AI Fairness in Financial Services:
How to quantify and improve fairness in AI and Machine Learning?
By Alexandru Giurca / January 2021
Artificial Intelligence and Machine Learning applications are increasingly used in financial services. However, they can exhibit unintentional bias against certain groups of clients, e.g., based on race, age or gender. So it is important that ML algorithms implemented and validated properly, before material decisions can be made with their aid. Failing to do that may lead to financial institutions to be exposed to regulatory risk, but also to reputation damage.
Bias in ML algorithms can arise due to several reasons. Algorithms can incorporate human biases that are reflected in the data that they are trained on – even if sensitive variables such as gender, race, or sexual orientation are removed. These human biases represented in society can infiltrate algorithms along the entire development pipeline – from the data collection and the choice of training data, the algorithm design to its deployment.
To achieve fairness in ML algorithms, first it must be measured. The measurement of fairness starts with recognizing which sensitive clients’ attributes can be affected and which definition of fairness one should use. Once the protected attributes and fairness definition are chosen, the algorithm’s fairness should be continuously measured through the entire development pipeline: from the data selection stage, its pre-processing to training and testing of the algorithm and its deployment.

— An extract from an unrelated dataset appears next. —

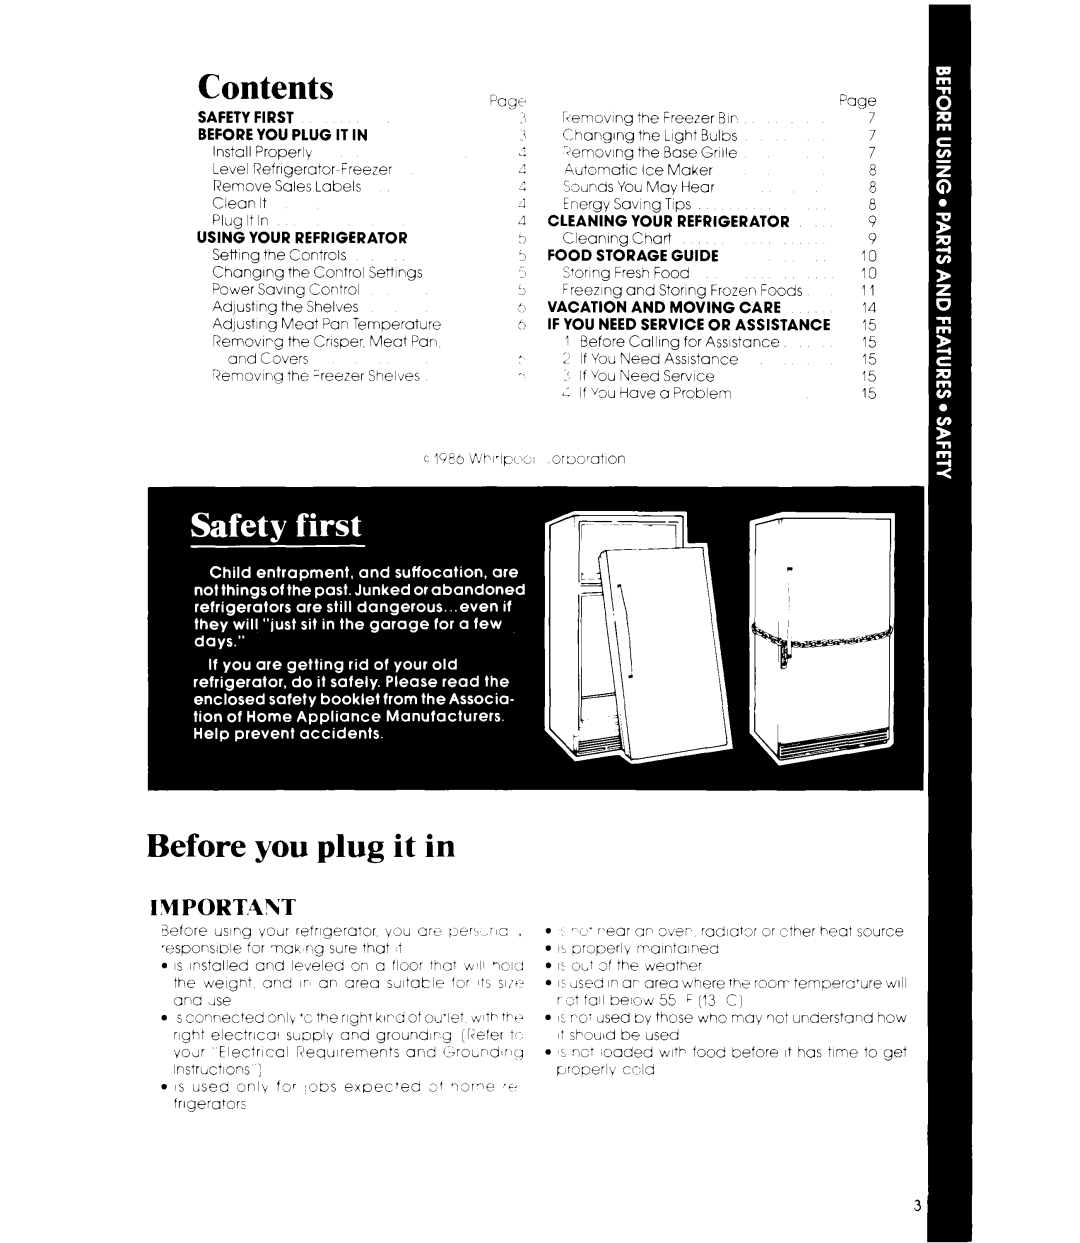 Whirlpool ED22ZM manual IMPORTz4NT, Contents 
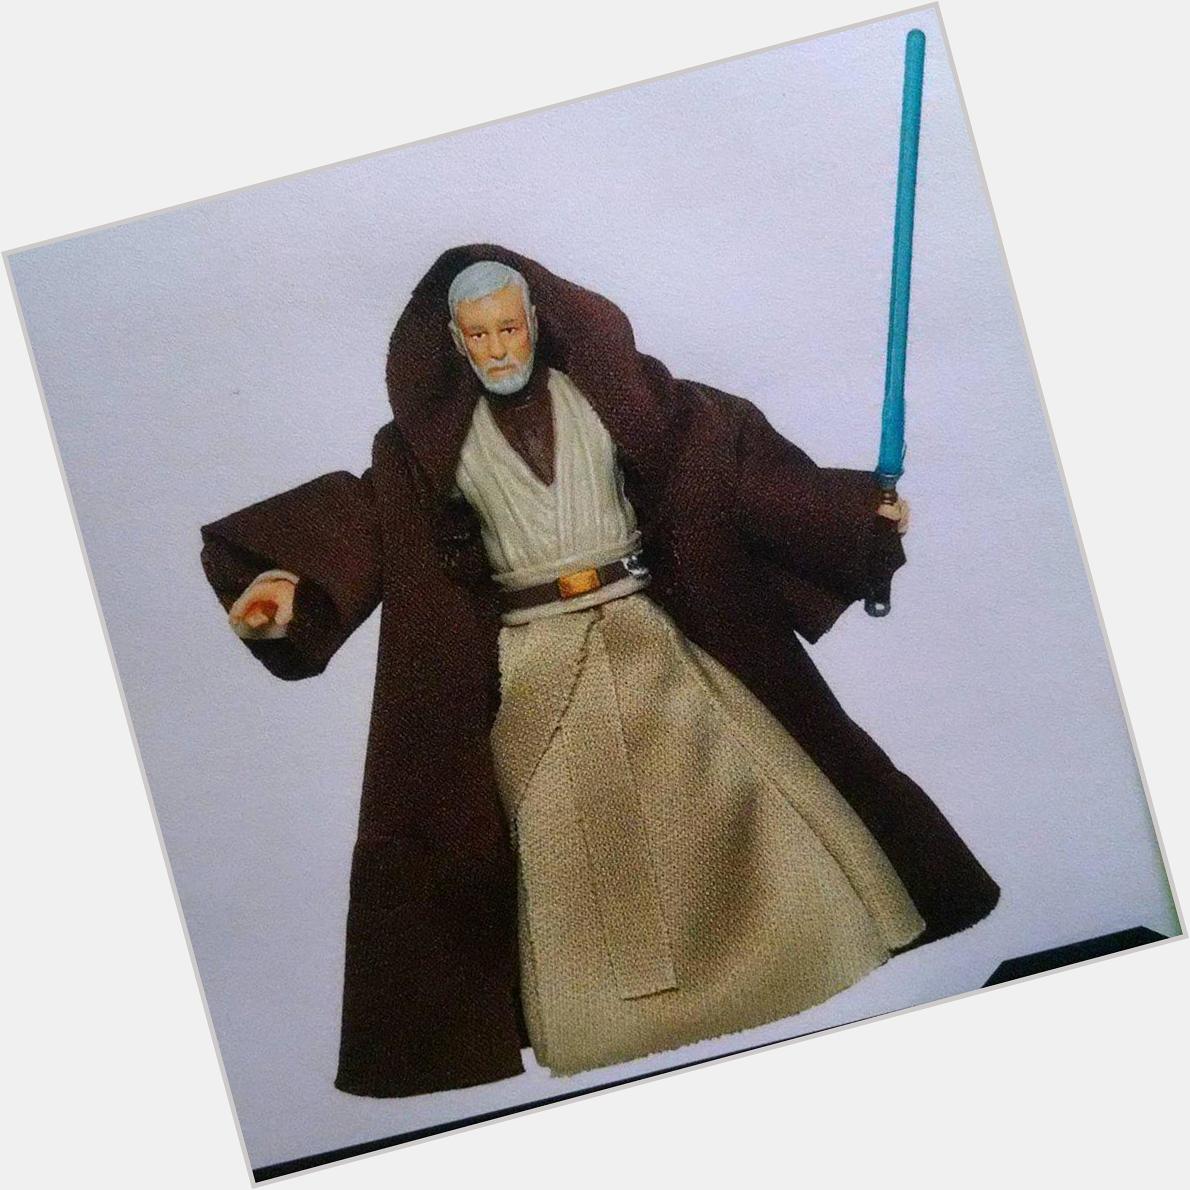 Excellent Obi Wan Figure From Legacy Collection & Also Happy Birthday To Gary Kurtz Today!

If a bias against a protected attribute is found, it can be removed at three places in the development pipeline: debiasing the training data, using fairness constraints during algorithm training or adjusting the algorithm performance to make it fairer when it is applied. The choice of the debiasing method depends on whether one has the access to the training data and the algorithm itself or whether the model is delivered as a black box.
Finally, there is a trade-off between algorithm performance and fairness: mitigating the bias usually leads to some decline in the model’s performance. However, with modern debiasing techniques (provided they are properly chosen for the specific use case and the available data), the model performance will not be sacrificed significantly.